The two front lines of their army were utterly broken before King Philip's division engaged. Then Edward appears to have advanced at the head of the reserve, and the rout soon became complete. When Edward met his son after the battle was over, he embraced him and declared that he had acquitted himself loyally, and the prince bowed low and did reverence to his father. The next day he joined the king in paying funeral honours to King John of Bohemia.[13][lower-alpha 3]

The prince was present at the siege of Calais (1346–1347), and after the surrender of the town harried and burned the country for 30 miles (48 km) around, and brought much booty back with him.[27] He returned to England with his father on 12 October 1347, took part in the jousts and other festivities of the court, and was invested by the king with the new Order of the Garter (1348).[28]

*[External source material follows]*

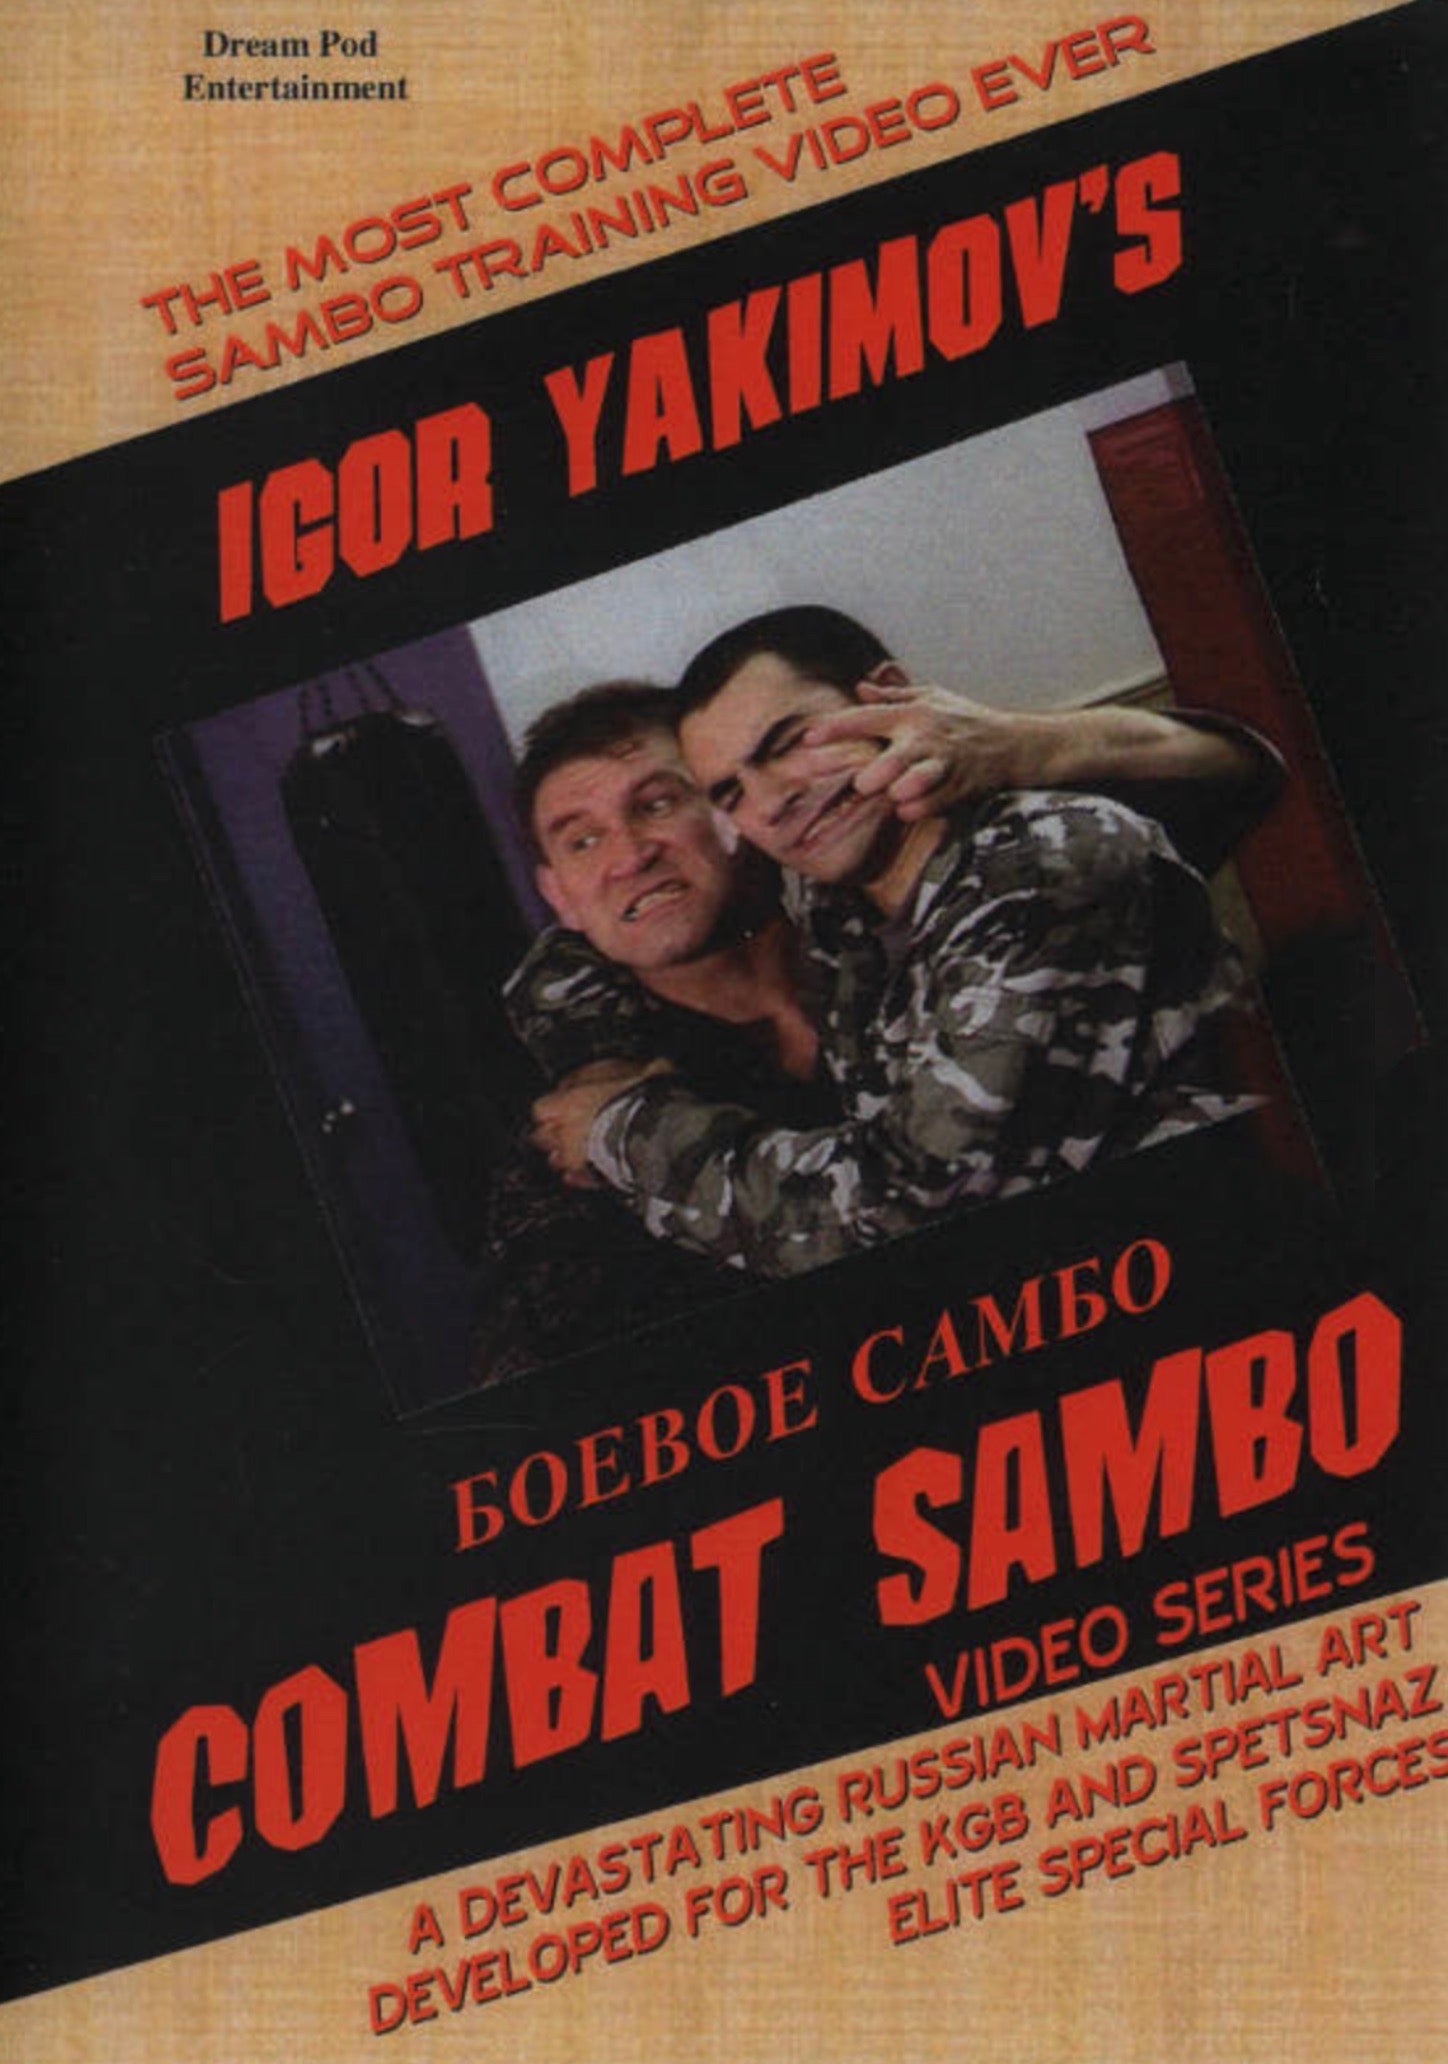 コンバット サンボ DVD 6 セット イーゴリ ヤキモフ

Siege of Calais and Battle of Winchelsea

Prince Edward shared in the king's expedition to Calais in the last days of 1349, came to the rescue of his father, and when the combat was over and the king and his prisoners sat down to feast, he and the other English knights served the king and his guests at the first course and then sat down for the second course at another table.[29] When the king embarked at Winchelsea on 28 August 1350 to intercept the fleet of La Cerda, the Prince sailed with him, though in another ship, and in company with his brother, the young John of Gaunt, Earl of Richmond. During the Battle of Winchelsea his ship was grappled by a large Spanish ship and was so full of leaks that it was likely to sink, and though he and his knights attacked the enemy manfully, they were unable to take her. Henry of Grosmont, Earl of Lancaster, came to his rescue and attacked the Spaniard on the other side; she was soon taken, her crew were thrown into the sea, and as the Prince and his men got on board her their own ship foundered.[30]

Cheshire expedition

In 1353 some disturbances seem to have broken out in Cheshire, for the Prince as Earl of Chester marched with Henry of Grosmont, now Duke of Lancaster, to the neighbourhood of Chester to protect the justices, who were holding an assize there. The men of the earldom offered to pay him a heavy fine to bring the assize to an end, but when they thought they had arranged matters the justices opened an inquisition of trailbaston, took a large sum of money from them, and seized many houses and much land into the prince's, their earl's, hands. On his return from Chester the prince is said to have passed by the Abbey of Dieulacres in Staffordshire, to have seen a fine church which his great-grandfather, Edward I, had built there, and to have granted five hundred marks, a tenth of the sum he had taken from his earldom, towards its completion; the abbey was almost certainly not Dieulacres but Vale Royal.[31]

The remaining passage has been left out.